Work instructions
An exact transcription of all the data is required, with every image removed.

Provided material
=====
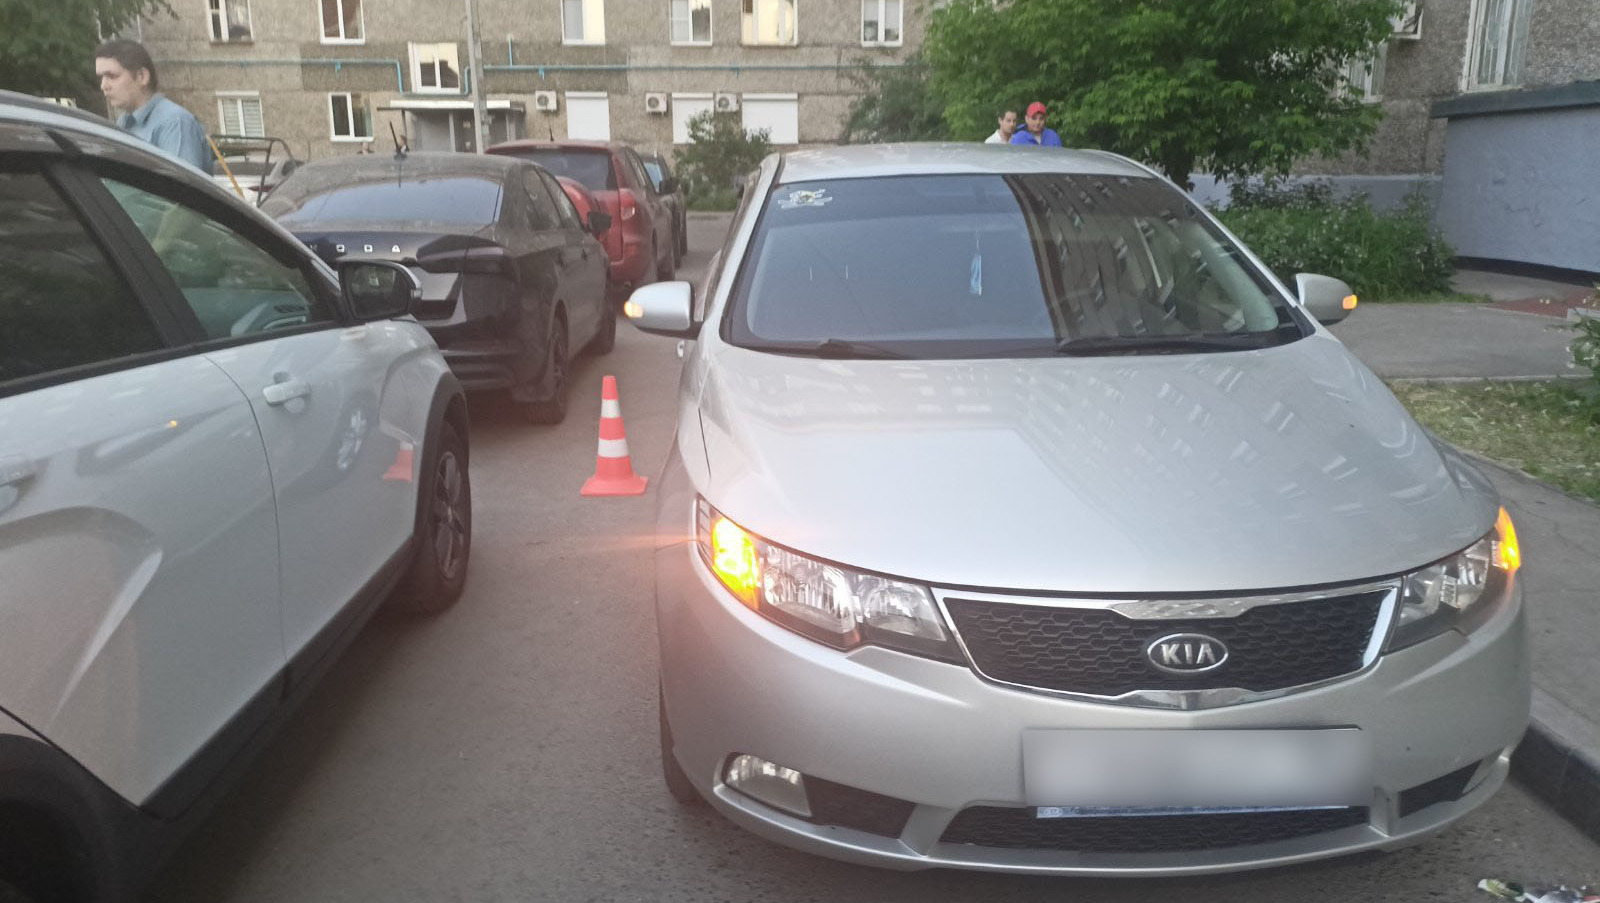 5-летний мальчик попал под колеса автомобиля в Ижевске
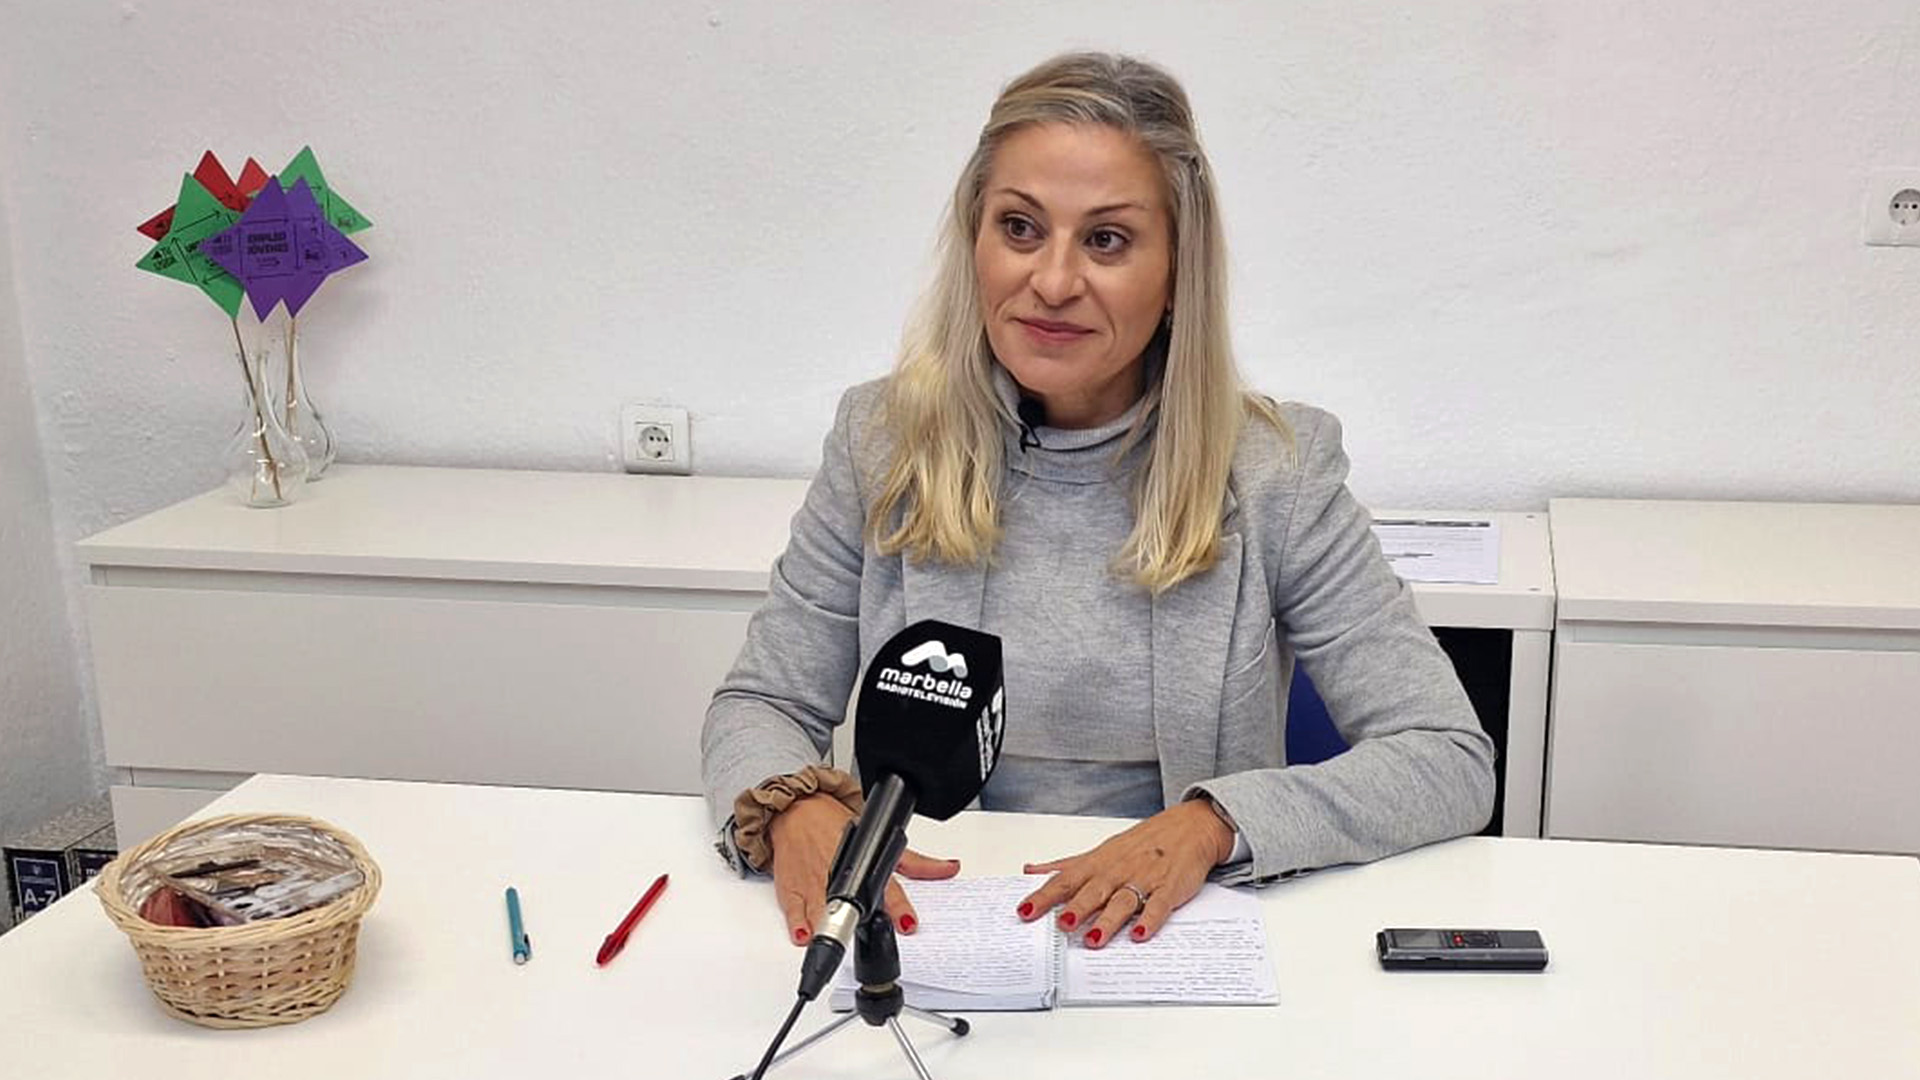 La candidata de izquierdas, Victoria Morales, acusa al PP de gobernar con poca transparencia
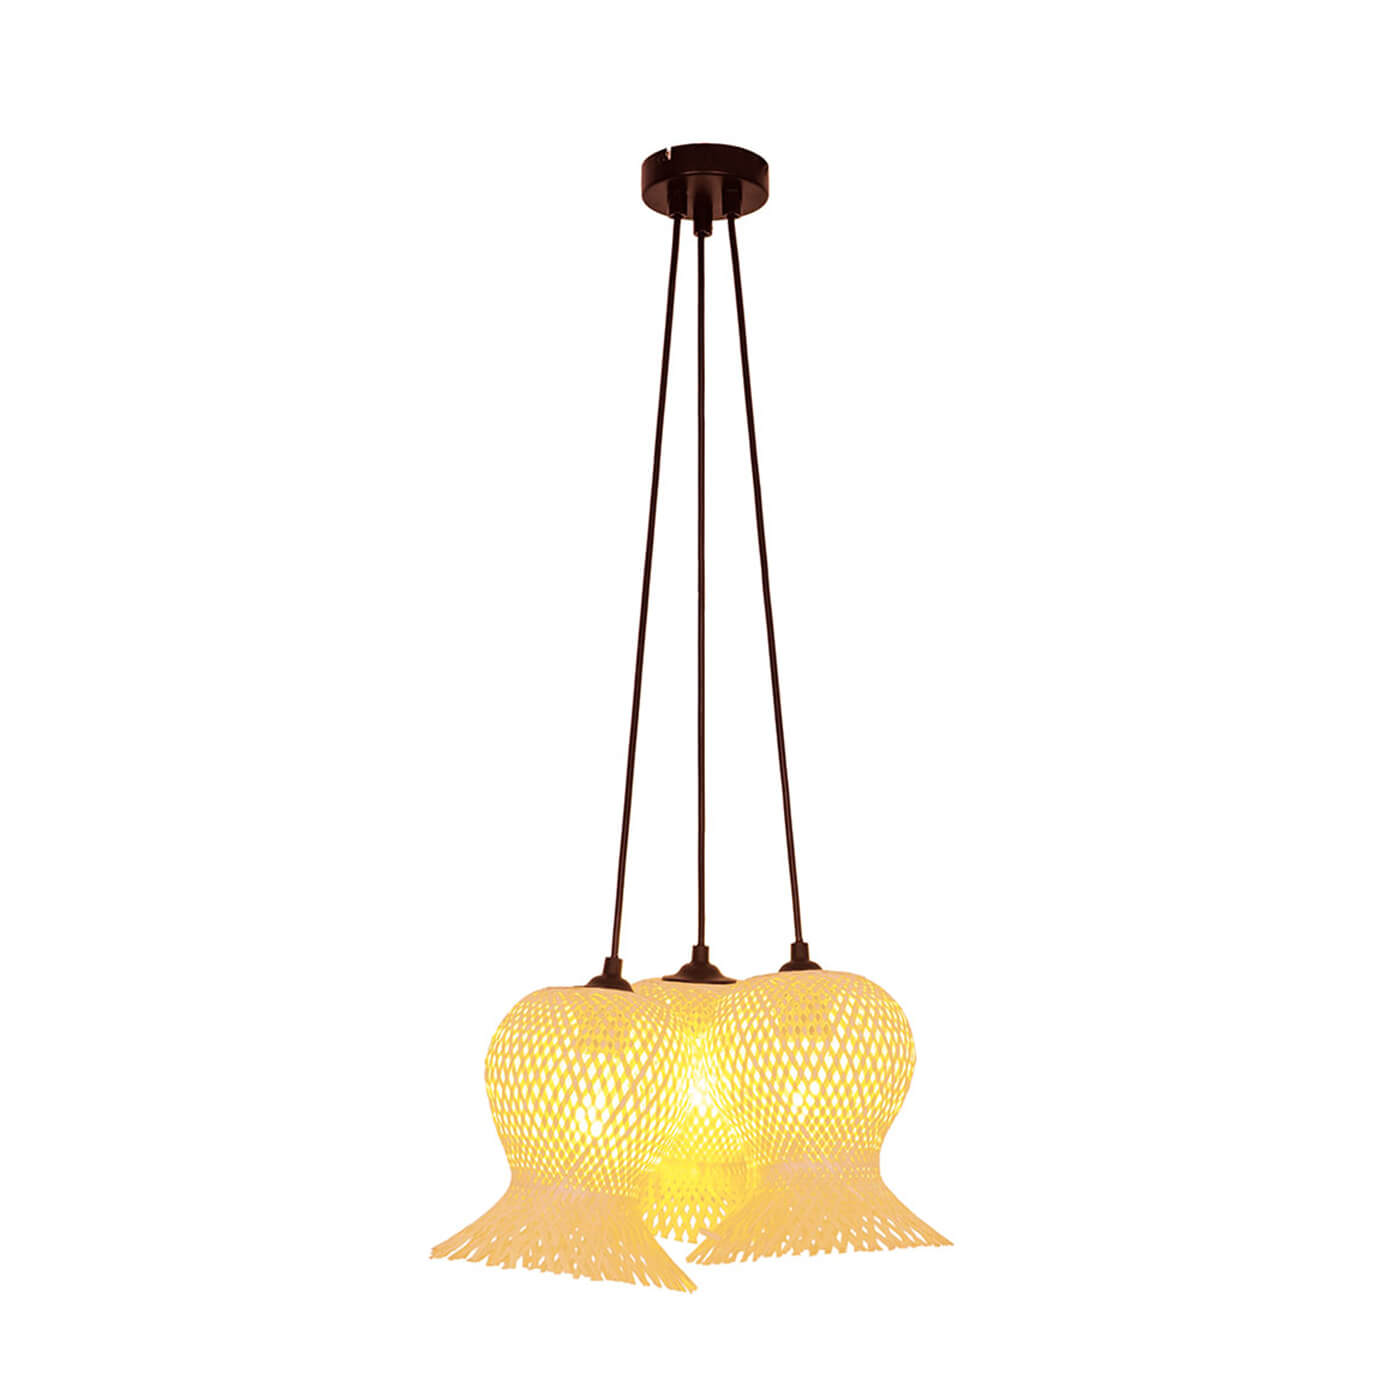 Cauti o lampa suspendata natur CONTESSA S3 din ratan, design modern, pentru living, dining sau dormitor din colectia de lustre si candelabre Domicilio?
=====
Reply to the exercise
 5-летний мальчик попал под колеса автомобиля в Ижевске
 La candidata de izquierdas, Victoria Morales, acusa al PP de gobernar con poca transparencia
 Cauti o lampa suspendata natur CONTESSA S3 din ratan, design modern, pentru living, dining sau dormitor din colectia de lustre si candelabre Domicilio?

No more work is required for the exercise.